Dissection of N-, O- and glycosphingolipid glycosylation changes in PaTu-S pancreatic adenocarcinoma cells upon TGF-β challenge

Abstract

AbstractPancreatic ductal adenocarcinoma (PDAC) is characterized by poor prognosis and high mortality. Transforming growth factor-β (TGF-β) plays a key role in tumor progression, which is often associated with aberrant glycosylation. How PDAC cells respond to TGF-β and the role of glycosylation therein is, however, not well known. Here, we investigated the TGF-β-mediated response and glycosylation changes in SMAD4-deficient PaTu-8955S (PaTu-S) cell line. PaTu-S cells responded to TGF-β by upregulating SMAD2 phosphorylation and target gene expression. TGF-β induced expression of the mesenchymal marker N-cadherin, but did not significantly affect epithelial marker E-cadherin expression. The differences of N-glycans, O-glycans and glycosphingolipid (GSL) glycans in PaTu-S cells with TGF-β stimulation were examined. TGF-β treatment primarily induced N-glycome aberrations involving elevated levels of branching, core fucosylation, and sialylation in PaTu-S cells, in line with TGF-β-induced changes in the expression of glycosylation-related genes.
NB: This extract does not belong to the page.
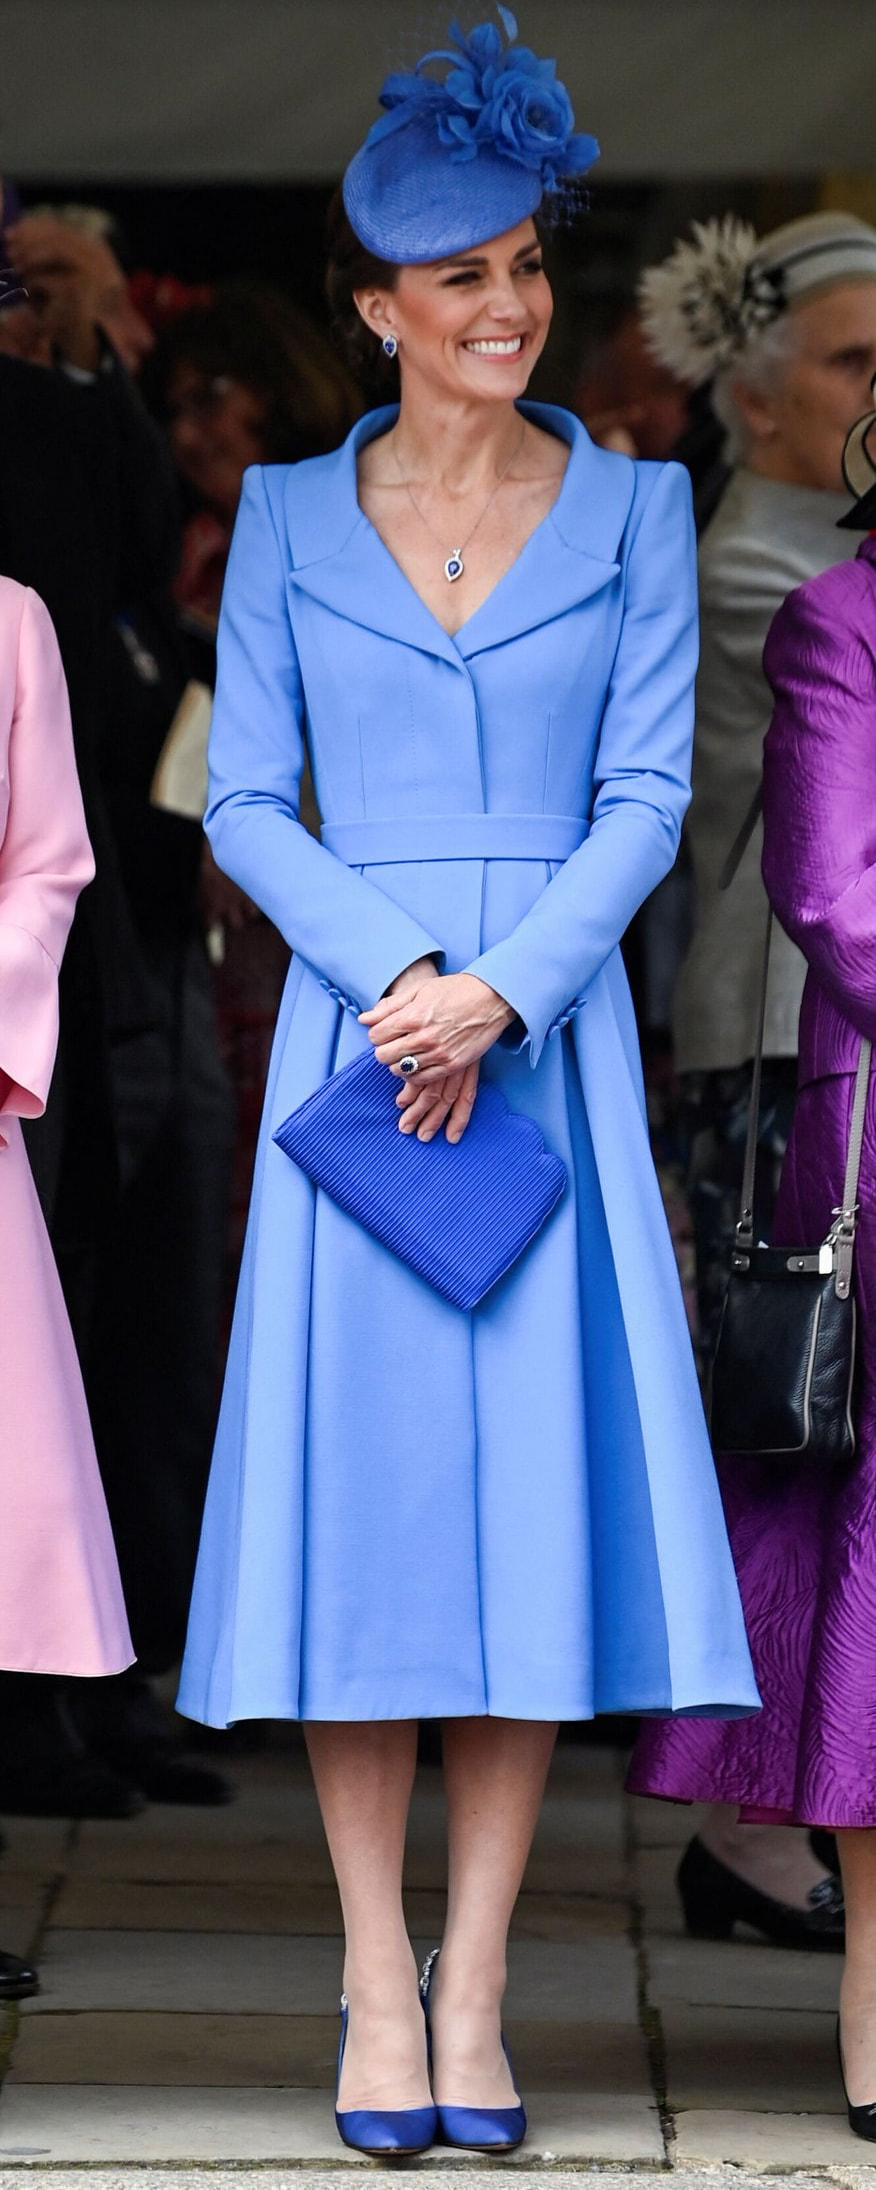 Aquazzura Love Link 105 Sling in Blueberry Grosgrain as seen on Kate Middleton, The Duchess of Cambridge.

In addition, we observed differences in O- and GSL-glycosylation profiles after TGF-β treatment, including lower levels of sialylated Tn antigen, and neoexpression of globosides. Furthermore, SOX4 expression was upregulated upon TGF-β stimulation, and its depletion blocked the TGF-β-induced N-glycomic changes. Thus, our study provides a mechanism by which TGF-β-induced N-glycosylation changes in SOX4 dependent and SMAD4 independent manner in pancreatic cancer cells. Our results open up avenues to study the relevance of glycosylation in TGF-β signaling in SMAD4 inactivated PDAC.